### Task details
Give back the data below word for word. Any image in it should be left out.

### Given information
- Opening Delimiter -
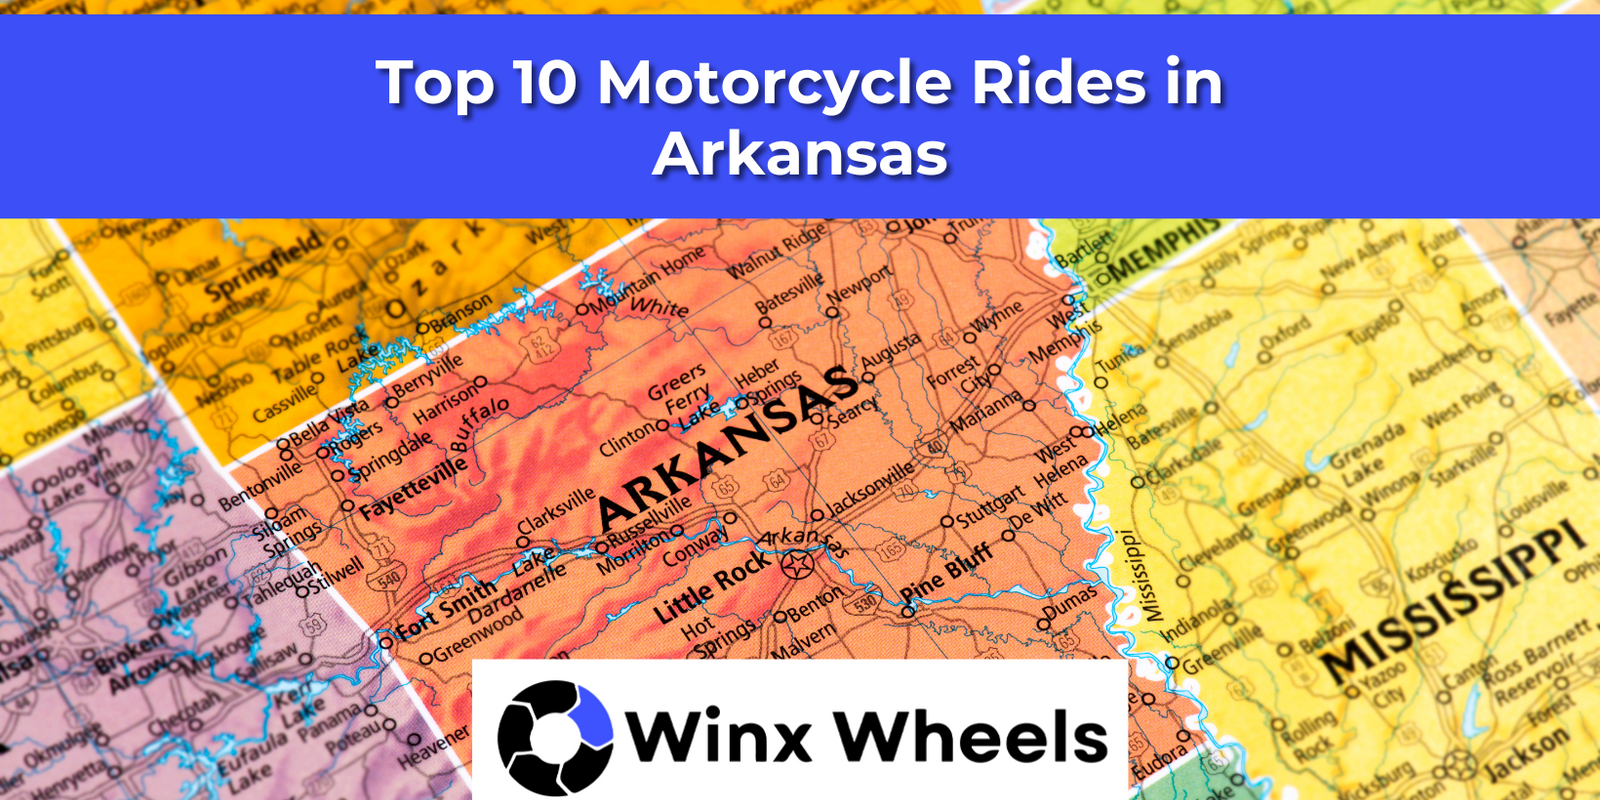 Top 10 Motorcycle Rides in Arkansas
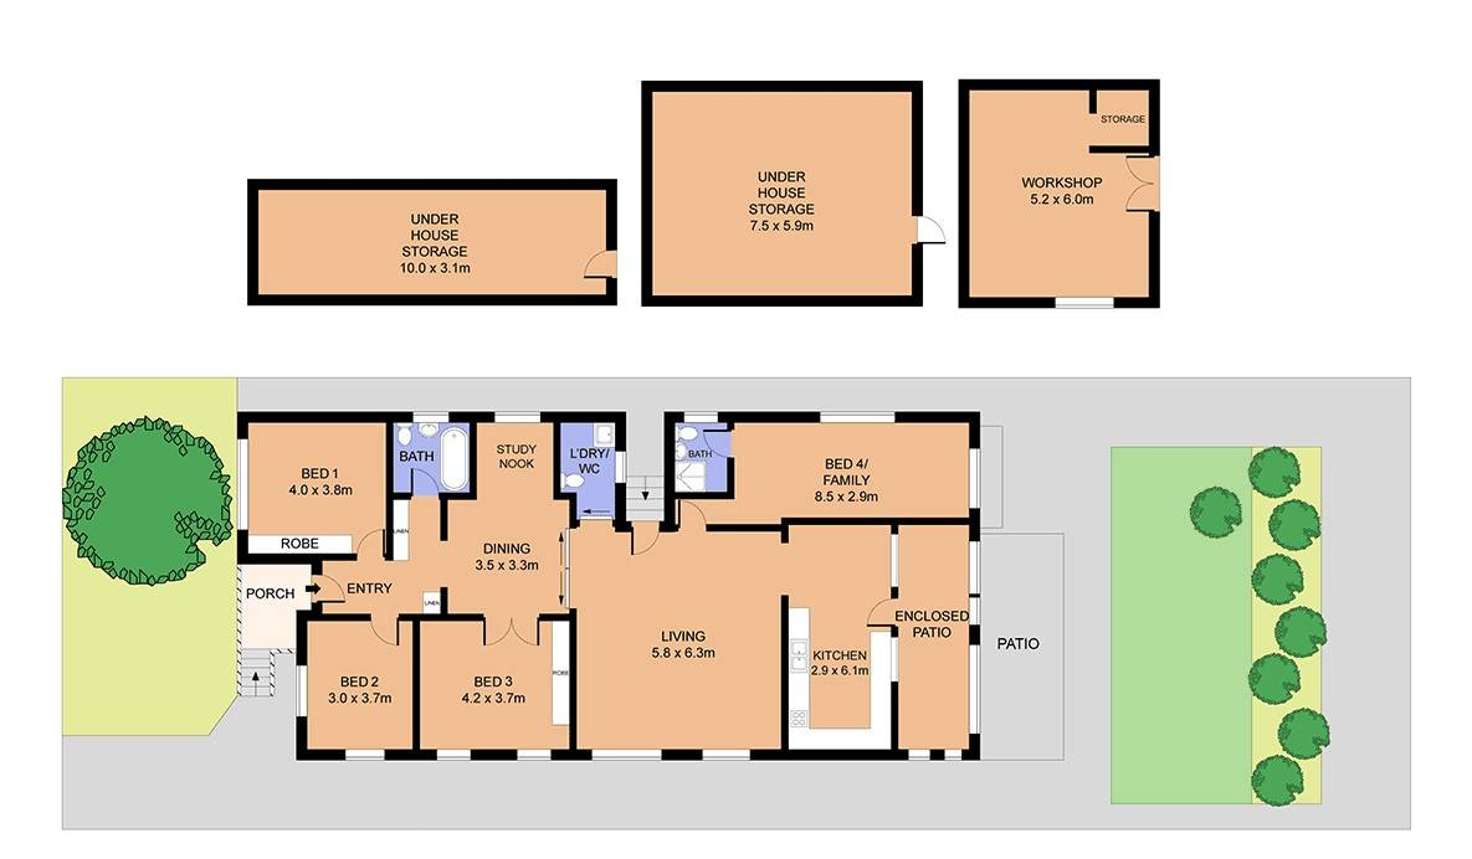 Floorplan of Homely house listing, 28 Melville Street, Ashbury NSW 2193
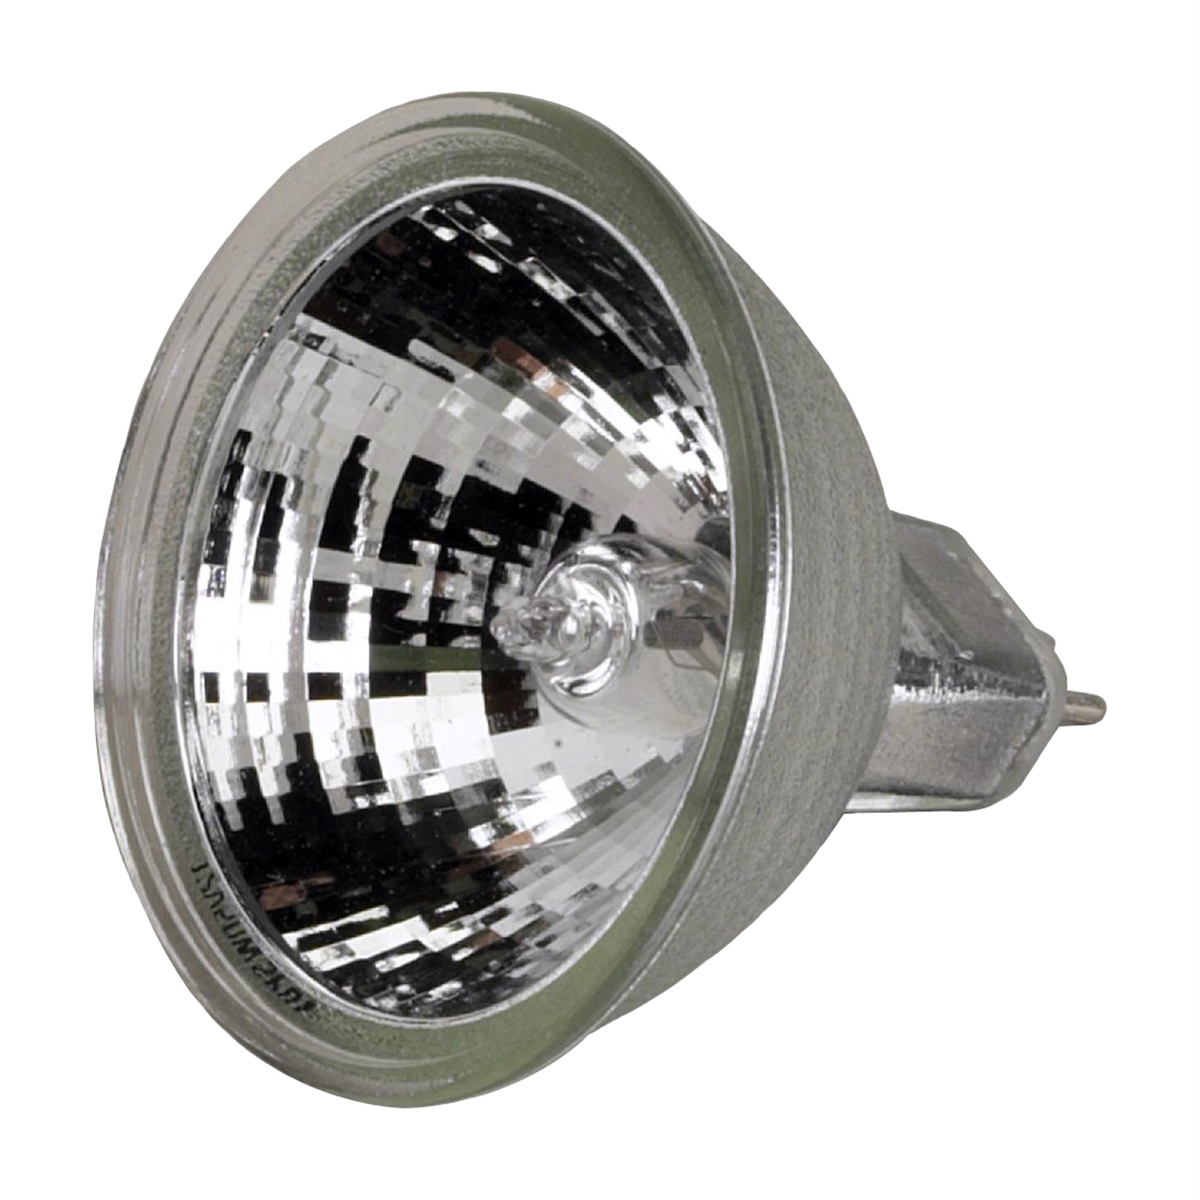 UV Lamp Replacement 60 watt Bulb
- Closing Delimiter -
### Result of this task
 Top 10 Motorcycle Rides in Arkansas
 Floorplan of Homely house listing, 28 Melville Street, Ashbury NSW 2193
 UV Lamp Replacement 60 watt Bulb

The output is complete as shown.